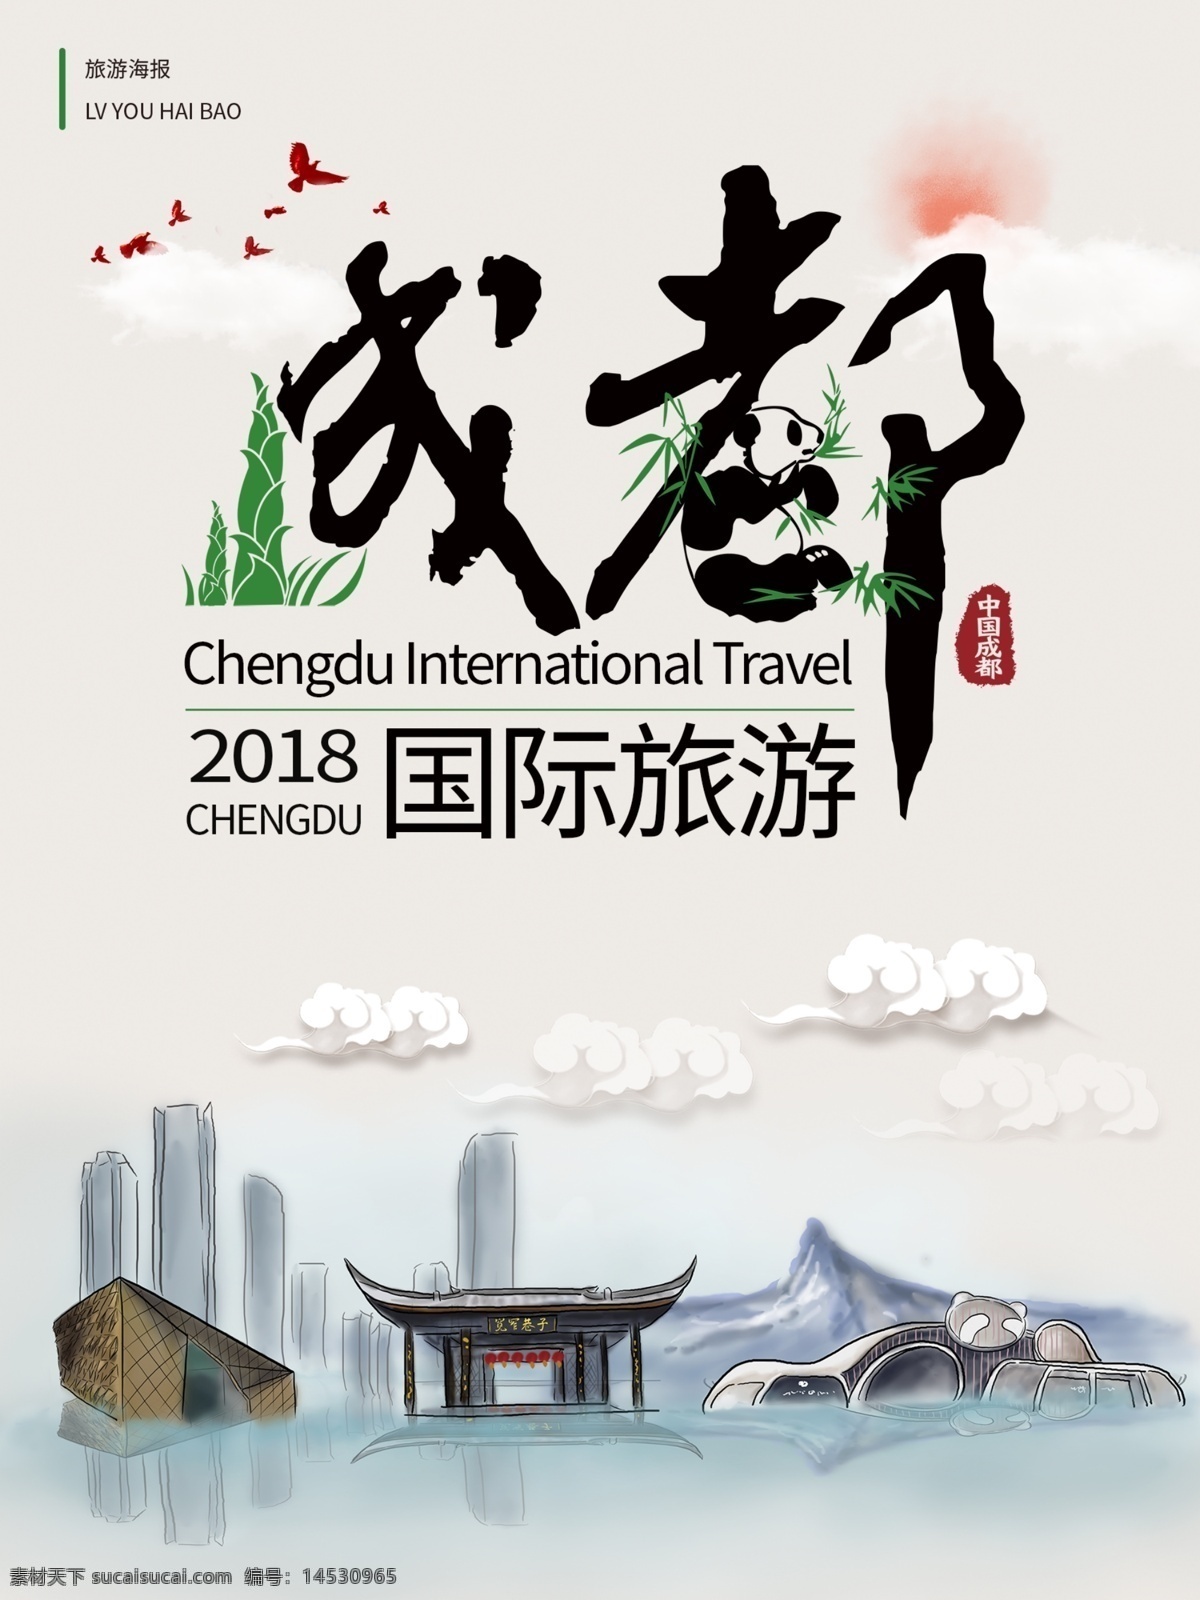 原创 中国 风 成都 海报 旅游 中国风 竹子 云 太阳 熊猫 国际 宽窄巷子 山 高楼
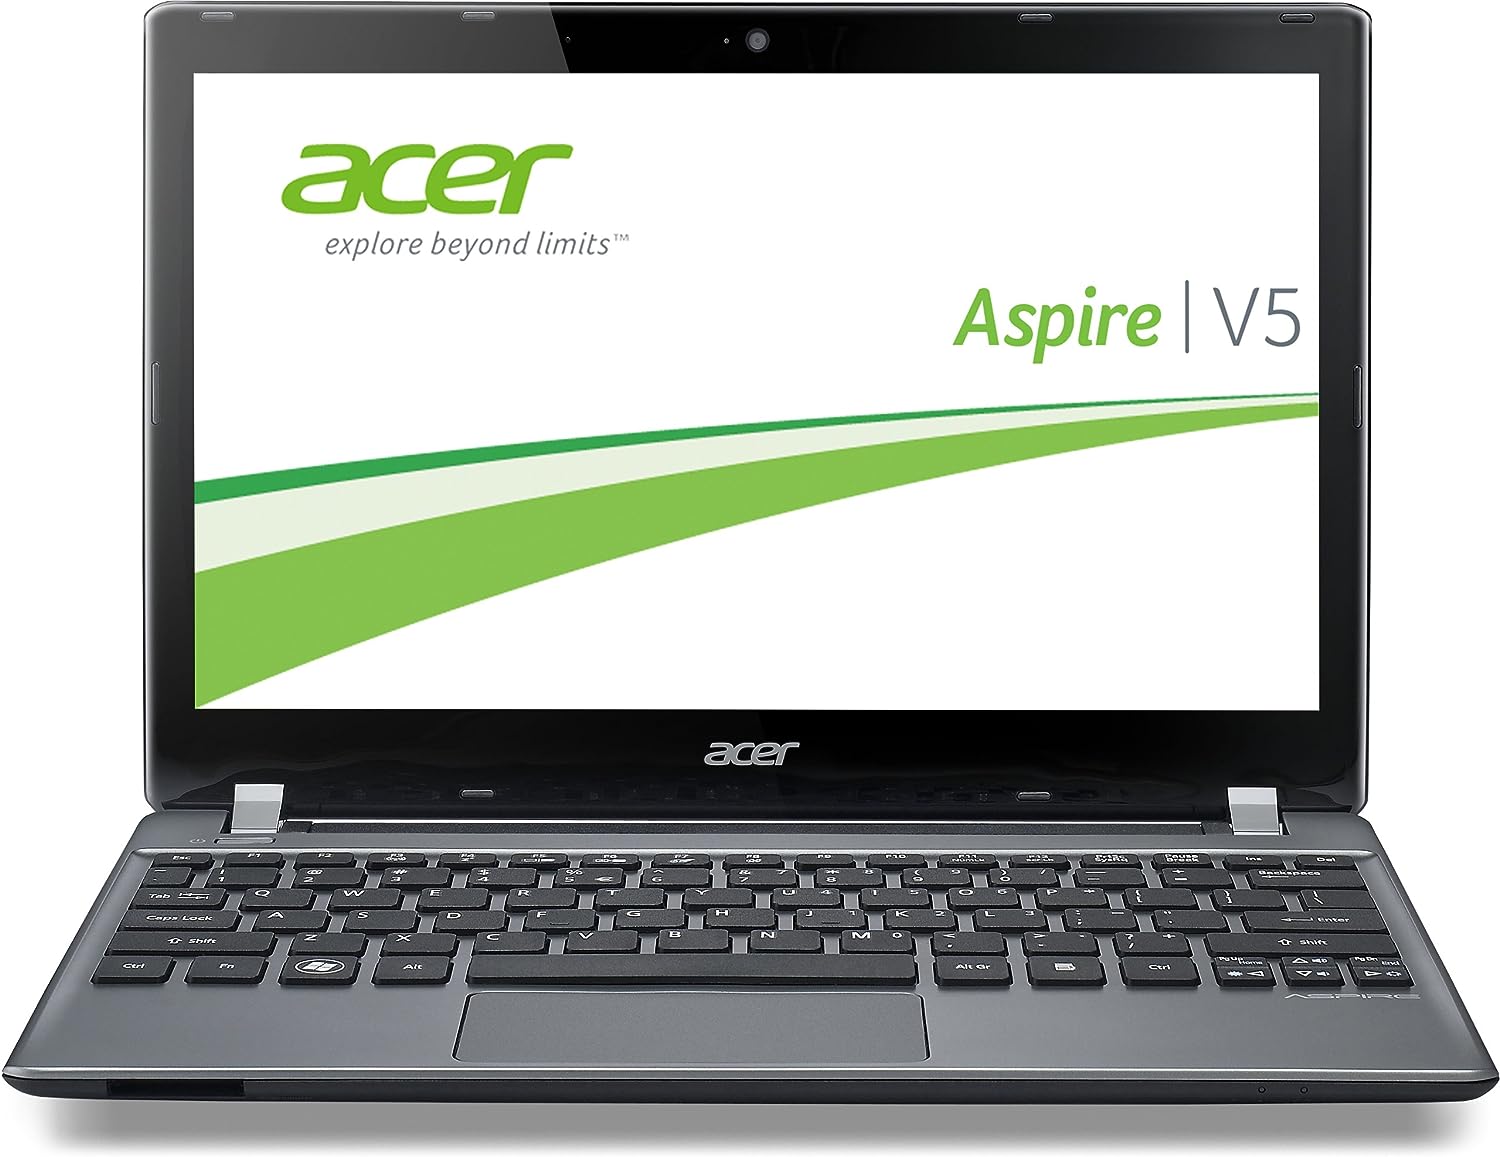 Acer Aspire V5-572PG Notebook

####

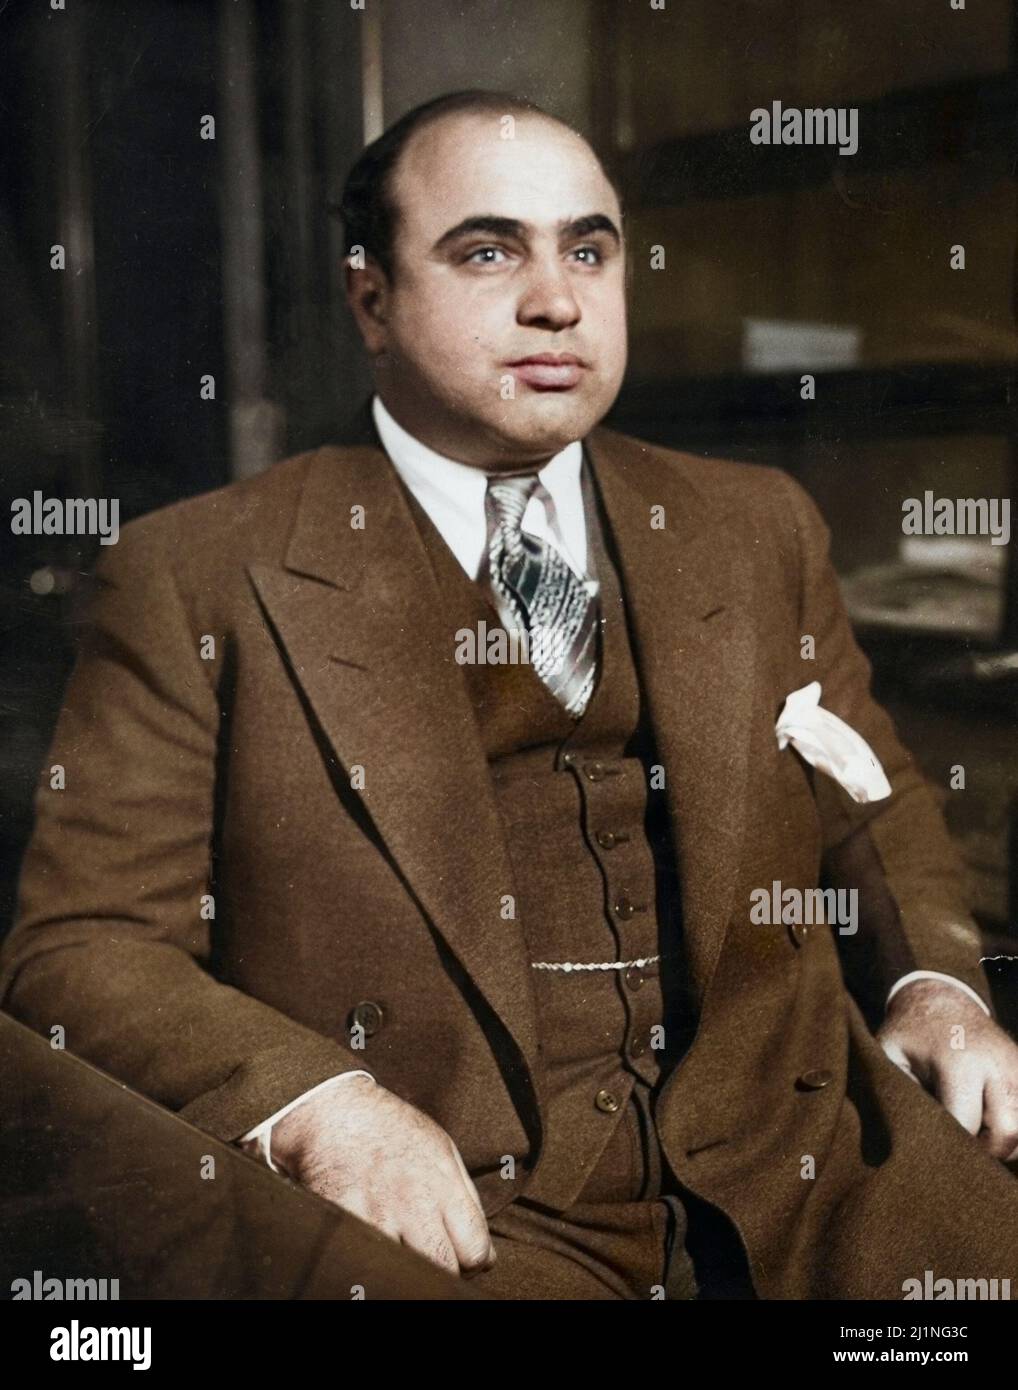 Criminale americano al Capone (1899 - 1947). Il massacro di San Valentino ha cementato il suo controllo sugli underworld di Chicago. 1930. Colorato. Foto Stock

####

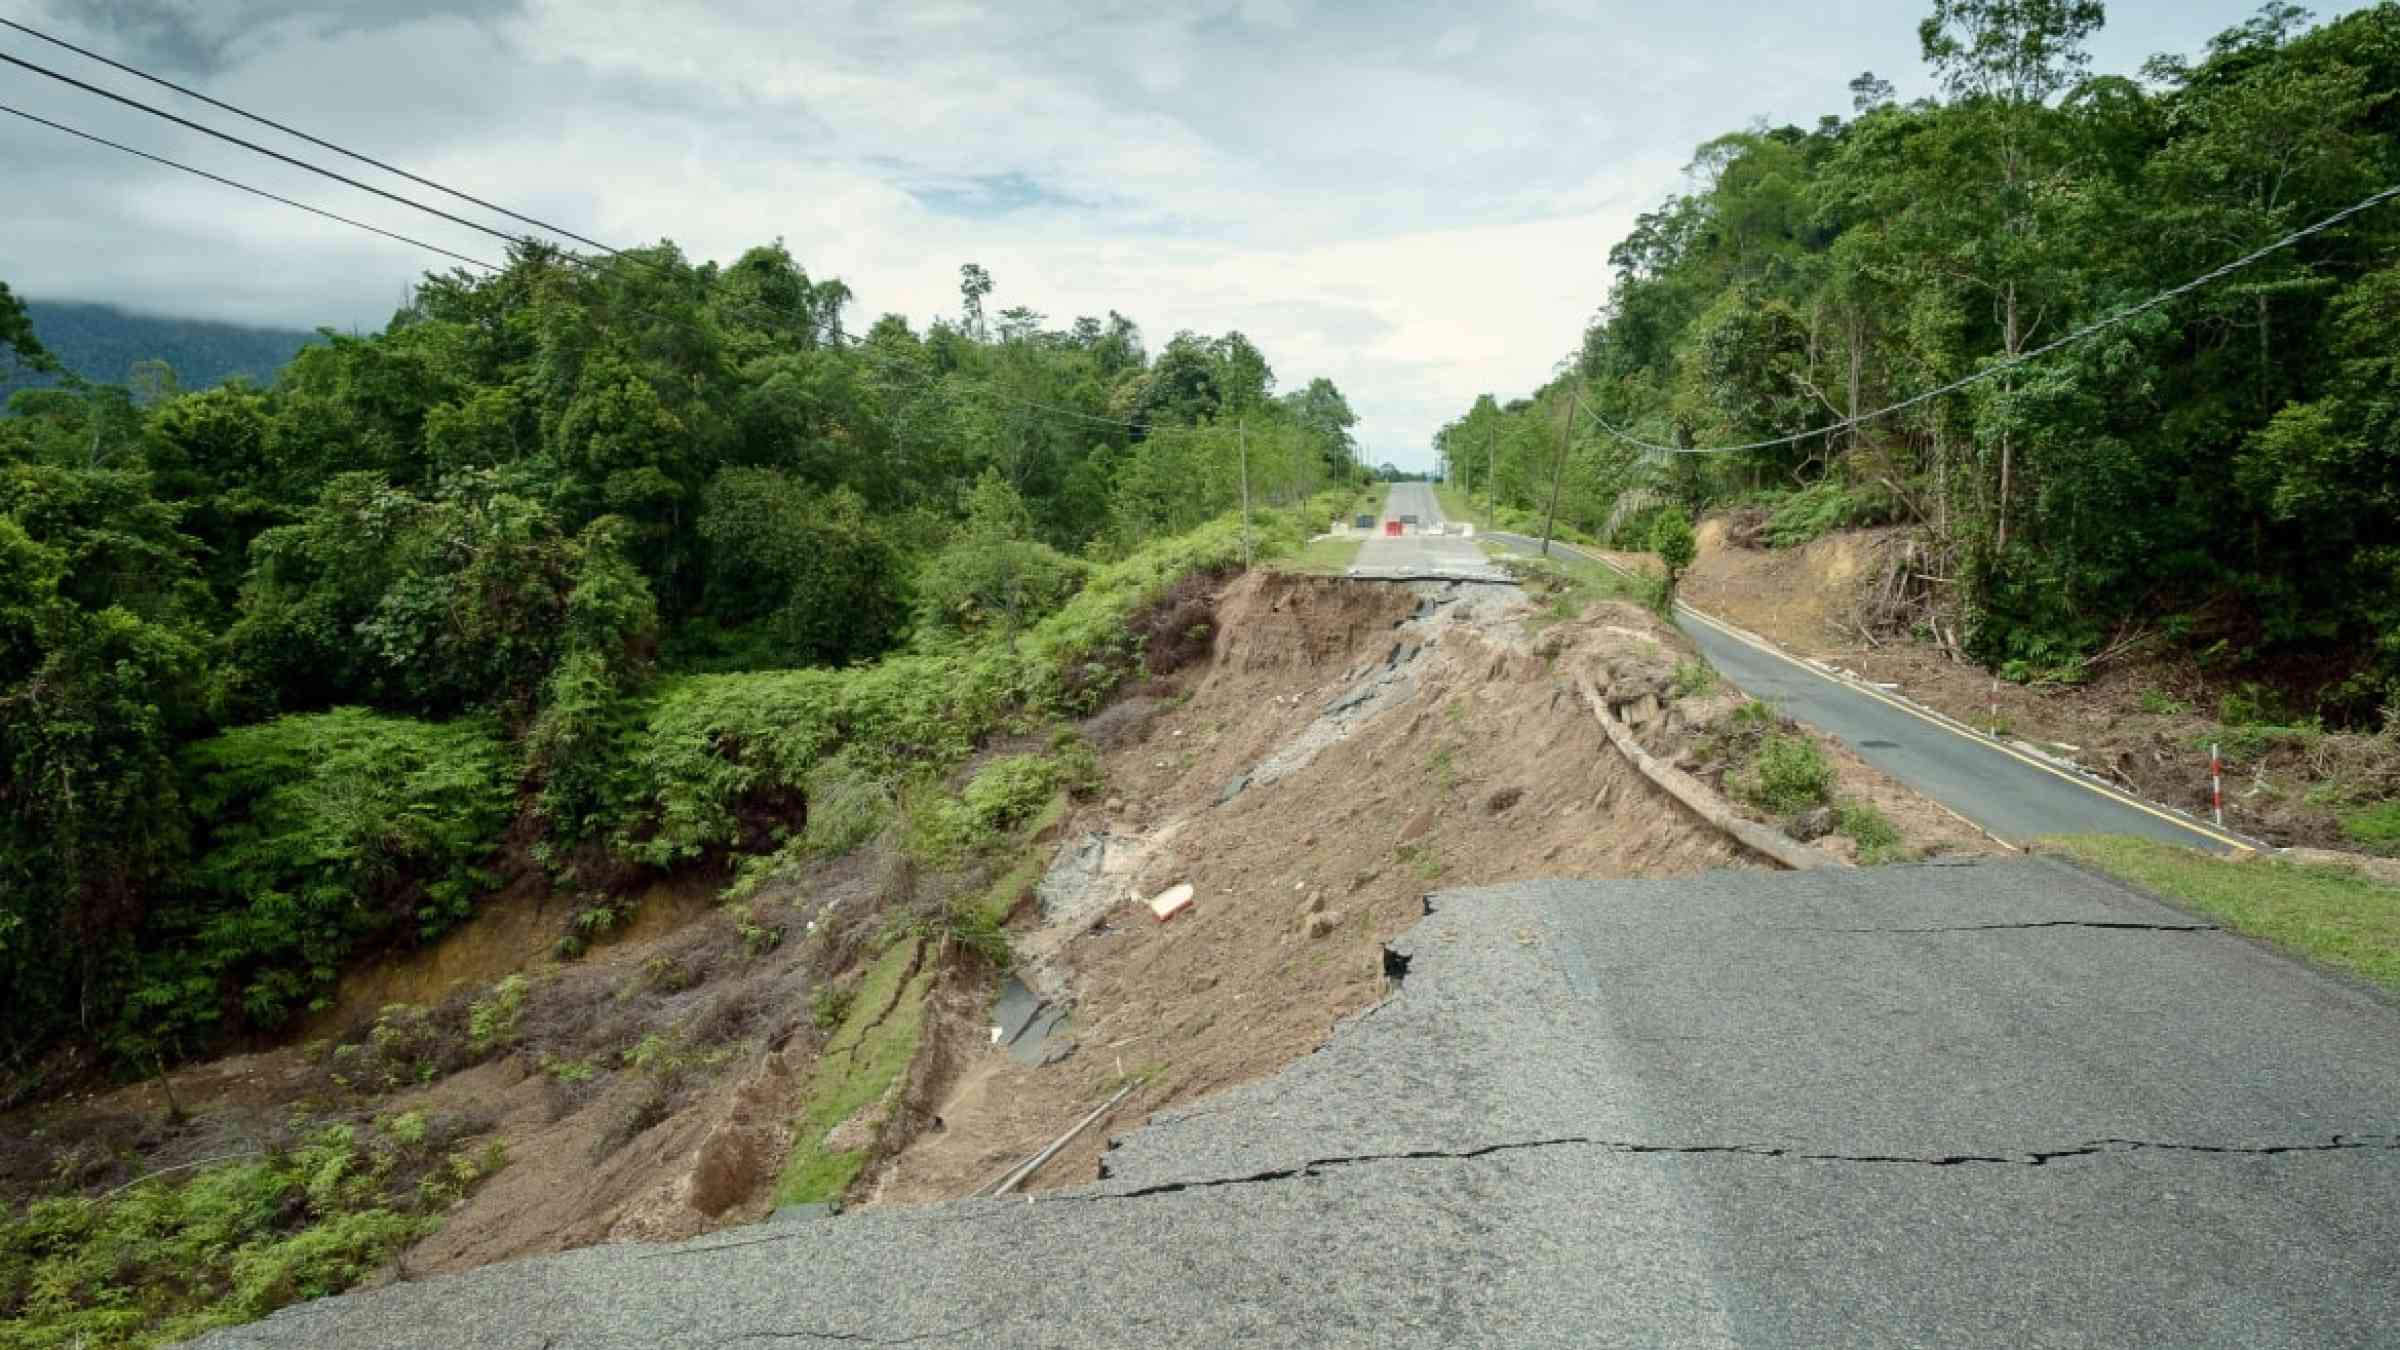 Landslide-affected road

####

(Exercise directions)
Give back exactly the lines above that run from the one with "原创 中国 风 成都 海报 旅游 中国风 竹子 云 太阳 熊猫 国际 宽窄巷子 山 高楼" to the one with "Acer Aspire V5-572PG Notebook", including both, with the pictures left out.

(Completed task)
 原创 中国 风 成都 海报 旅游 中国风 竹子 云 太阳 熊猫 国际 宽窄巷子 山 高楼
 Acer Aspire V5-572PG Notebook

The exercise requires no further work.